目录
2.选择:从Series和DataFrame实例中选择部分数据
2.2 Series属性:iloc,loc(按“行”来索引)
6.2 Pandas也支持类似于数据库查询语句GROUP BY,可完成分组按照某列
7.3 pandas可生成日期范围通过方法.date_range函数
1. Pandas的基本概念
Pandas: 数据分析,在Numpy基础上增加了高级功能:数据自动对齐,时间序列支持、缺失数据灵活处理等等 Series、DataFrame核心数据结构,大部分Pandas功能都围绕这两种数据结构进行 Series是一个值得序列,可以理解成一维数组,有一个列和一个索引,索引可以定制
1.1 Series方法:
import pandas as pd
s1 = pd.Series([1,2,3,4,5])
print(s1)
"""
D:\Anaconda3\python.exe D:/Python_file_forAnconda3_python/数据分析/自定义学习/Pandas01.py
0 1
1 2
2 3
3 4
4 5
dtype: int64
Process finished with exit code 0
"""
import pandas as pd
s2 = pd.Series([1,2,3,4,5],index=['a','b','c','d','e'])
print(s2)
"""
D:\Anaconda3\python.exe D:/Python_file_forAnconda3_python/数据分析/自定义学习/Pandas01.py
a 1
b 2
c 3
d 4
e 5
dtype: int64
"""
1.2 DataFrame类似于二维数组,有行列之分
import pandas as pd
import numpy as np
df = pd.DataFrame(np.random.randn(4,4),index=['a','b','c','d'],columns=['A','B','C','D'])
print(df)
"""
D:\Anaconda3\python.exe D:/Python_file_forAnconda3_python/数据分析/自定义学习/Pandas01.py
A B C D
a 0.341299 -1.501784 1.069910 0.879989
b 0.416756 1.066293 0.569988 2.745966
c 0.711972 -0.336308 -0.006444 1.322002
d 2.217314 -0.281477 -0.706486 0.117150
Process finished with exit code 0
"""
通过指定索引-index和标签-columns创建DataFrame对象,可以通过df.index和df.columns访问索引和标签:
df.index
Out[12]: Index(['a', 'b', 'c', 'd'], dtype='object')
df.columns
Out[13]: Index(['A', 'B', 'C', 'D'], dtype='object')

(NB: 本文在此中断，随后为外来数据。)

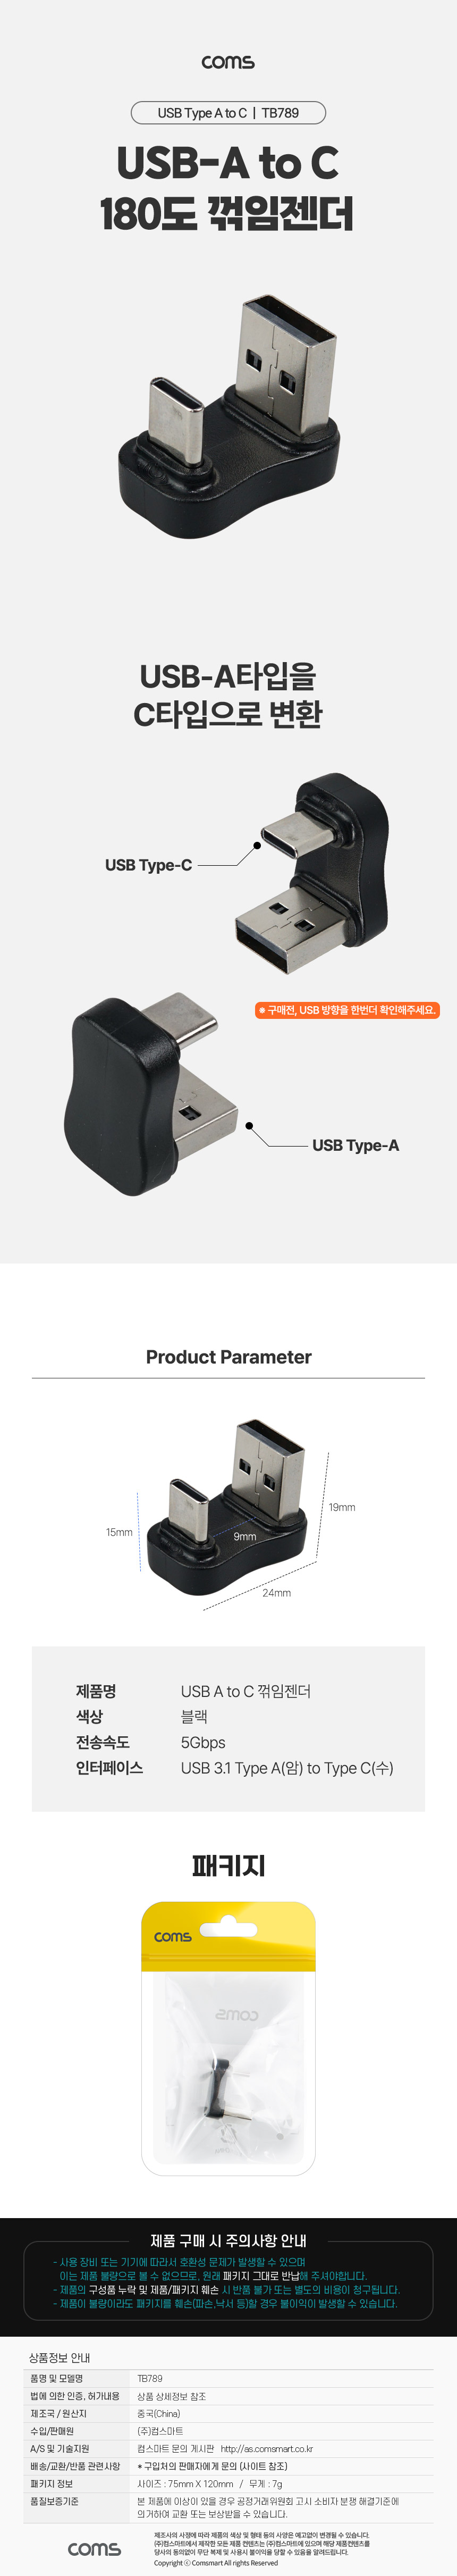 USB 3.1 Type C ȯ CŸ to USB3.0 5Gbps 180 
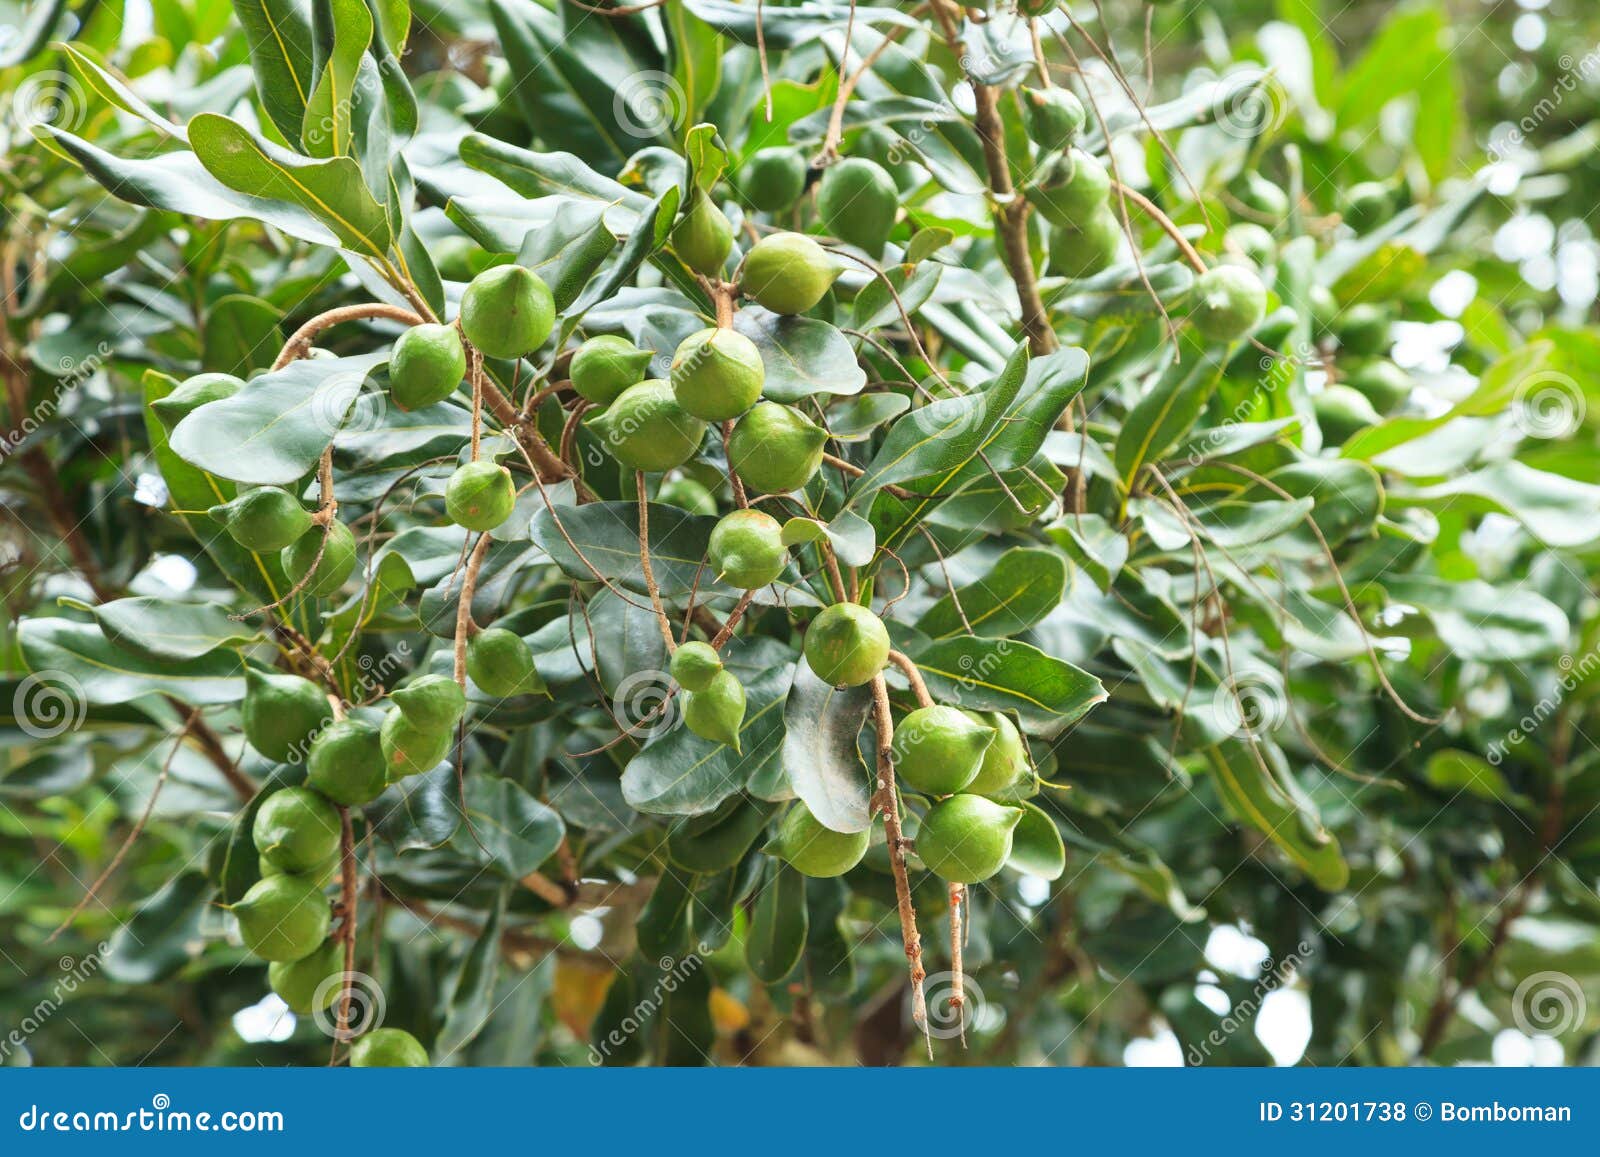 unripe macadamia nuts hanging on tree

2.选择:从Series和DataFrame实例中选择部分数据
2.1 Series:索引或索引位置
import pandas as pd
import numpy as np
s2 = pd.Series([1,2,3,4,5],index=['a','b','c','d','e'])
print(s2[0])
print('_______')
print(s2[0:3])
print(s2['a'])
print("________")
print(s2['a':'c'])
"""
D:\Anaconda3\python.exe D:/Python_file_forAnconda3_python/数据分析/自定义学习/Pandas01.py
1
_______
a 1
b 2
c 3
dtype: int64
1
________
a 1
b 2
c 3
dtype: int64
Process finished with exit code 0
"""
2.2 Series属性:iloc,loc(按“行”来索引)
import pandas as pd
import numpy as np
s2 = pd.Series([1,2,3,4,5],index=['a','b','c','d','e'])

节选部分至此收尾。